• _TASK GOAL_
Without copying any picture, transcribe exactly the lines of the data below from the one containing "198cd770c8d Foco 191 by REVISTA FOCO - issuu" through the one containing "Babymatex Bavlnené obliečky".

• _EXTRACTED INFORMATION_
..............................

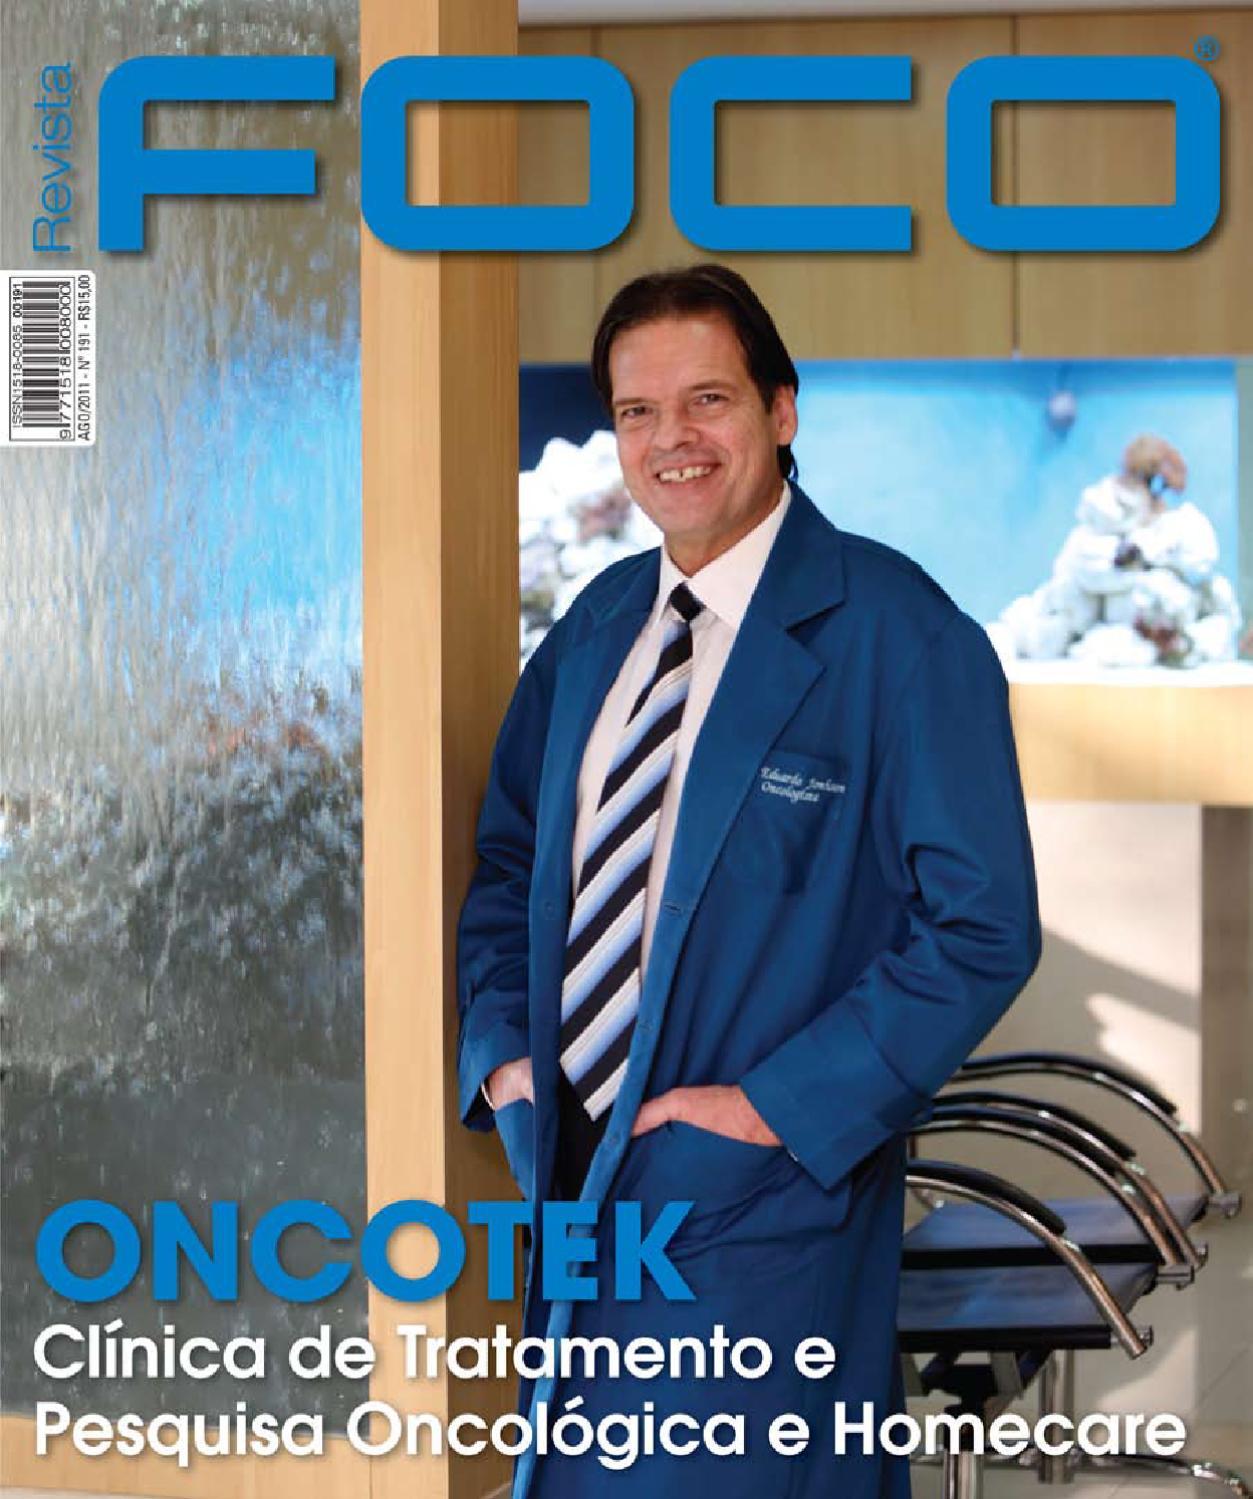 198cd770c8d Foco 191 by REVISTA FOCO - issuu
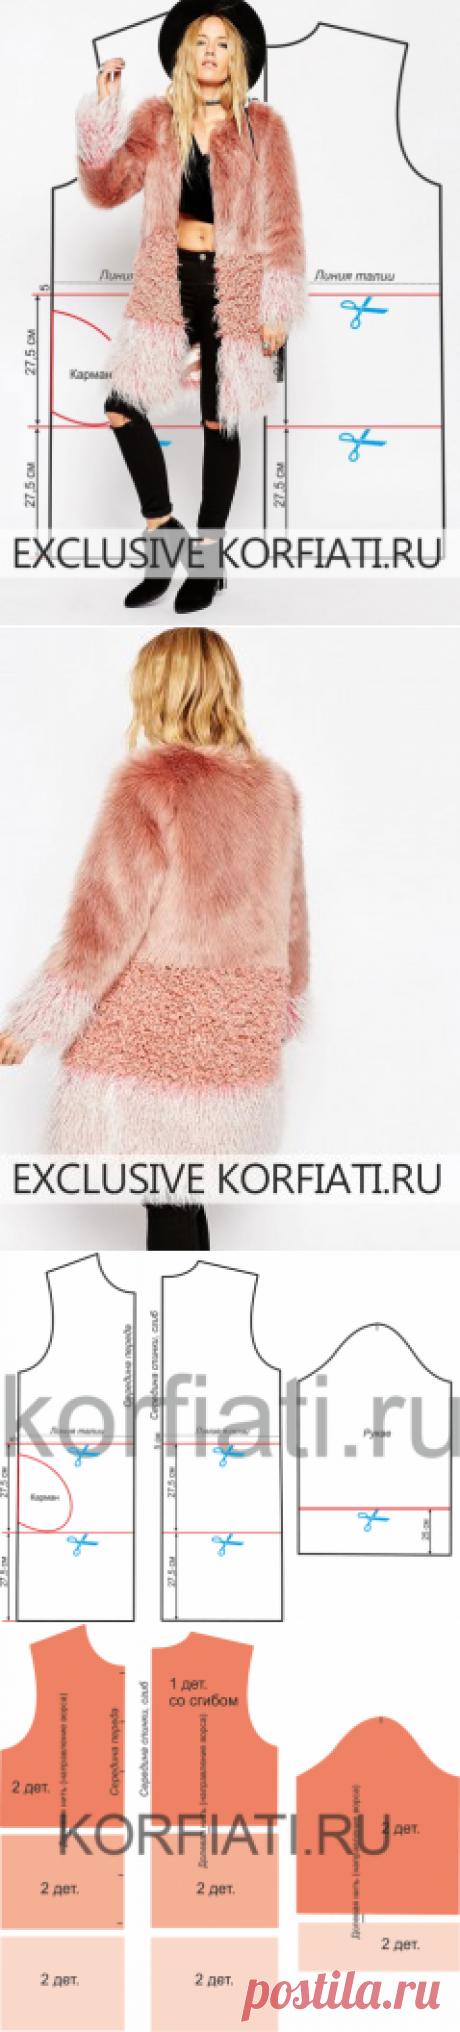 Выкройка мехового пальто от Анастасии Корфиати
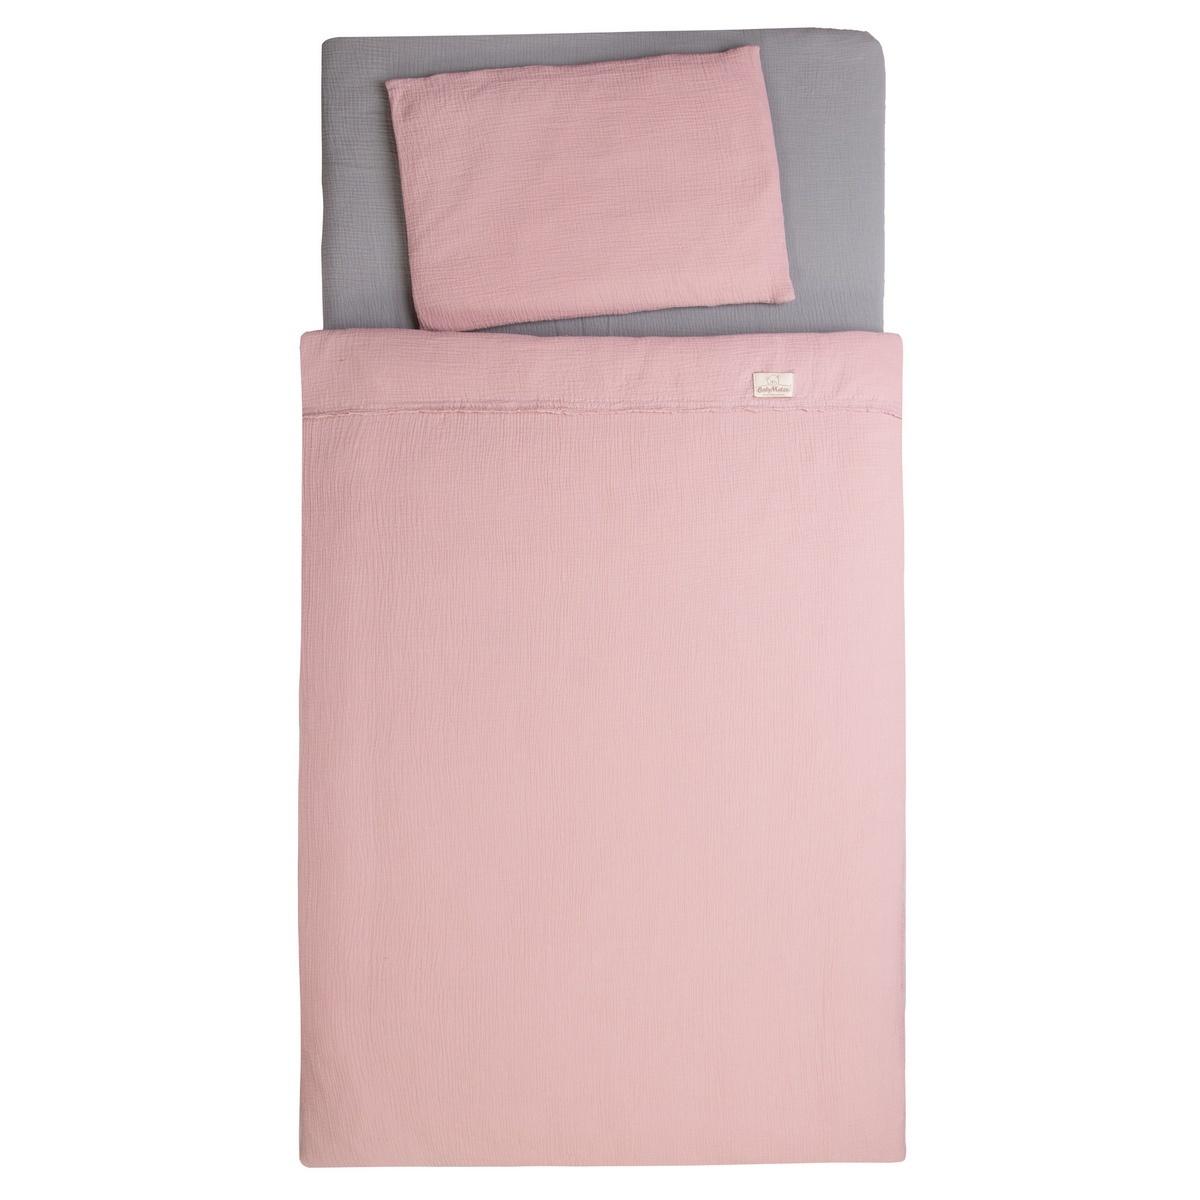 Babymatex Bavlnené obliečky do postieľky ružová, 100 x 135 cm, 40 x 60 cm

..............................

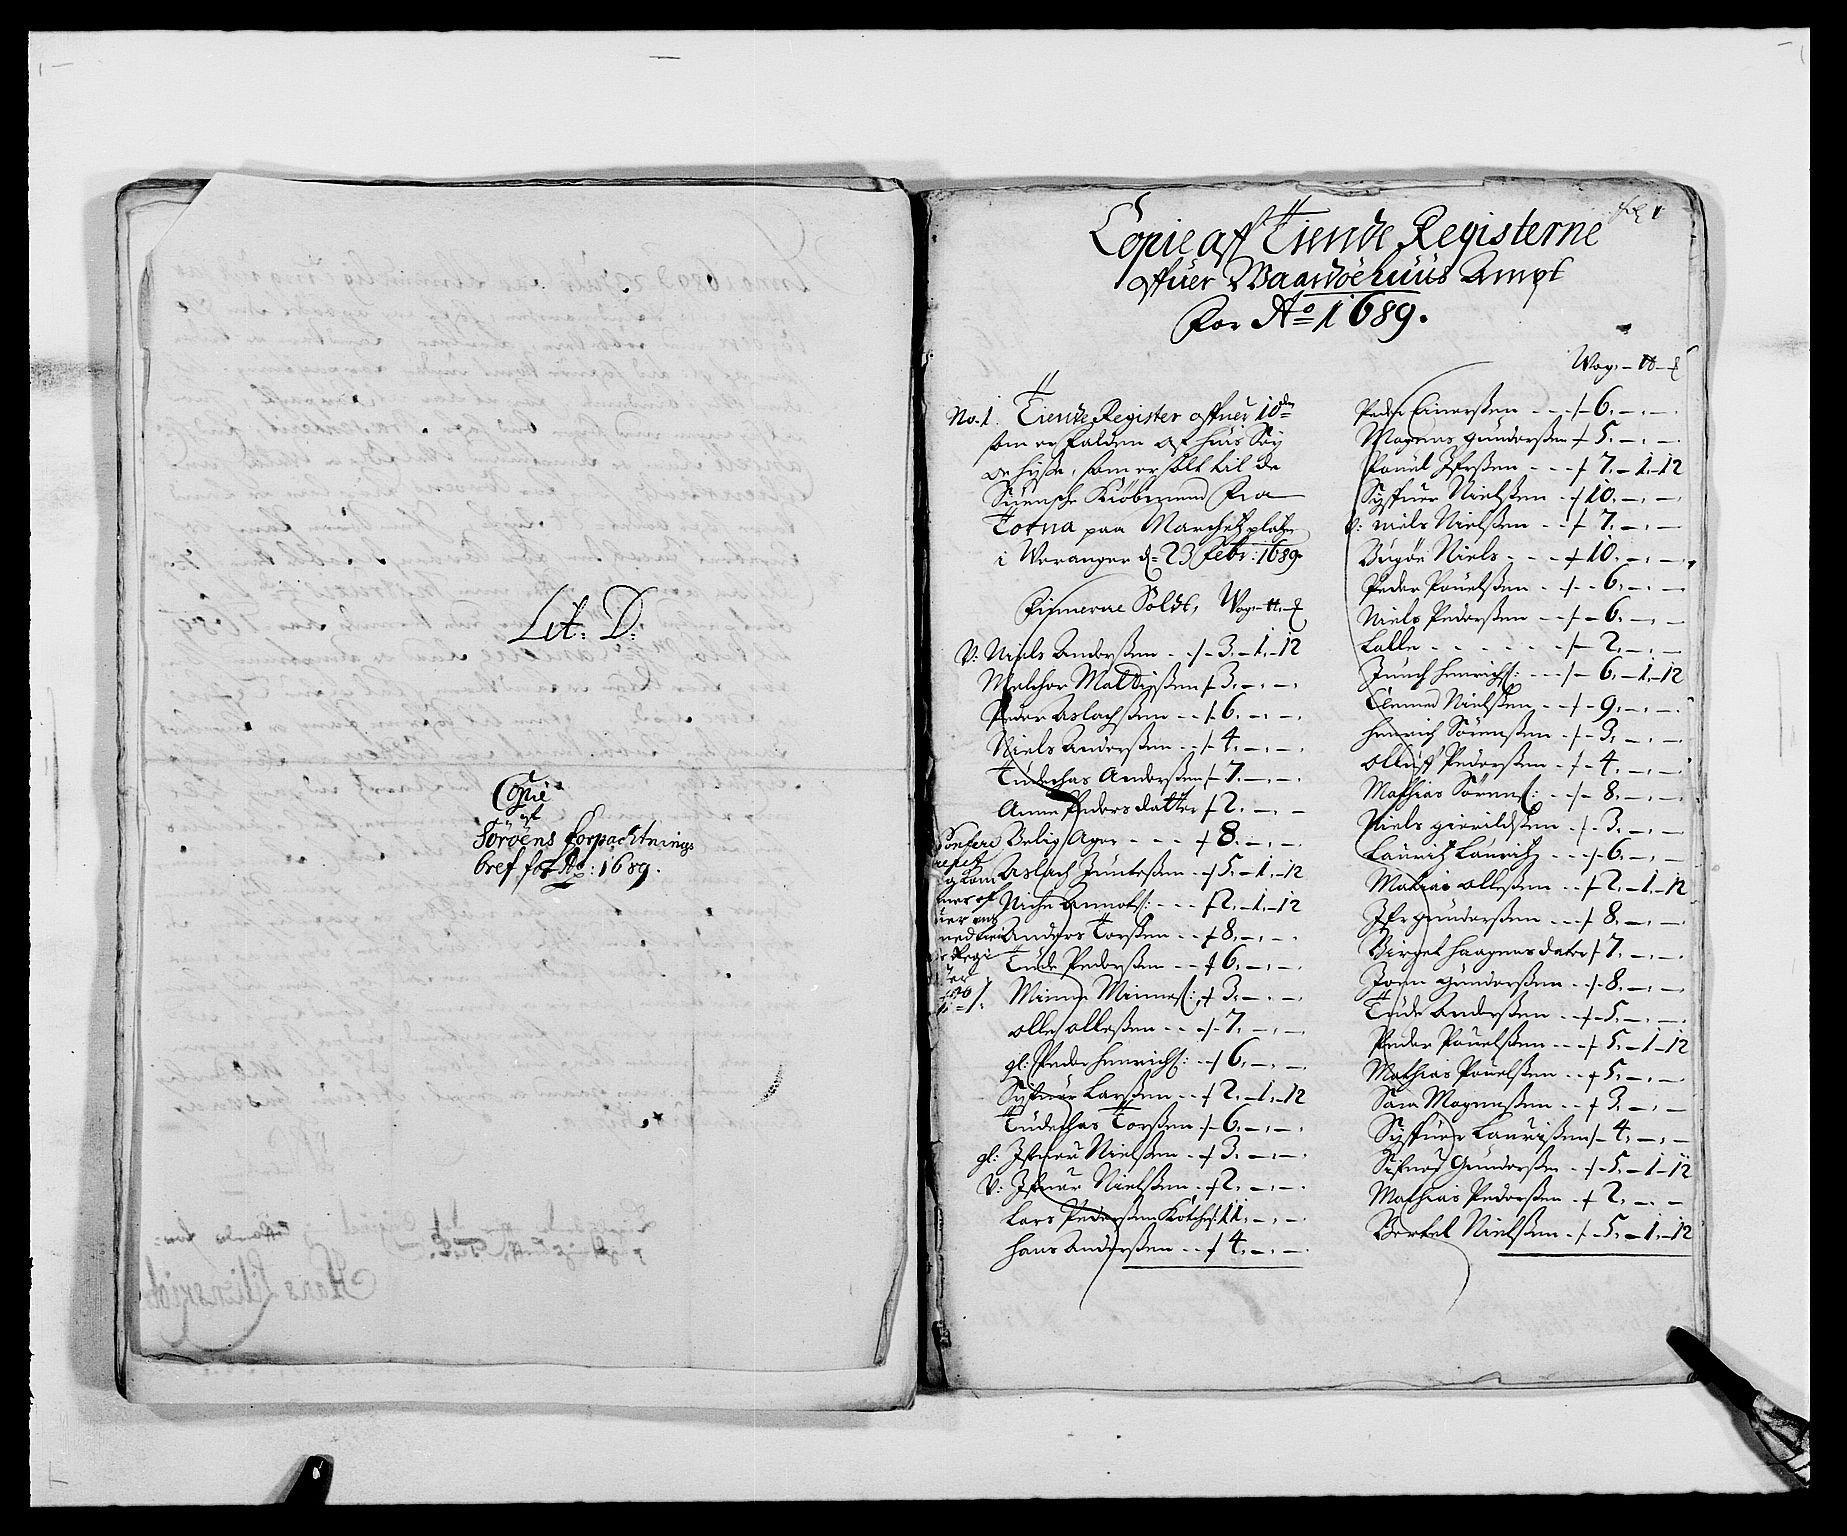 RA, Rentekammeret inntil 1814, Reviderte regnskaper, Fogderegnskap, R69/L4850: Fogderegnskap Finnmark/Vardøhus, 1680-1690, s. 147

..............................

• _WRITTEN SOLUTION_
 198cd770c8d Foco 191 by REVISTA FOCO - issuu
 Выкройка мехового пальто от Анастасии Корфиати
 Babymatex Bavlnené obliečky do postieľky ružová, 100 x 135 cm, 40 x 60 cm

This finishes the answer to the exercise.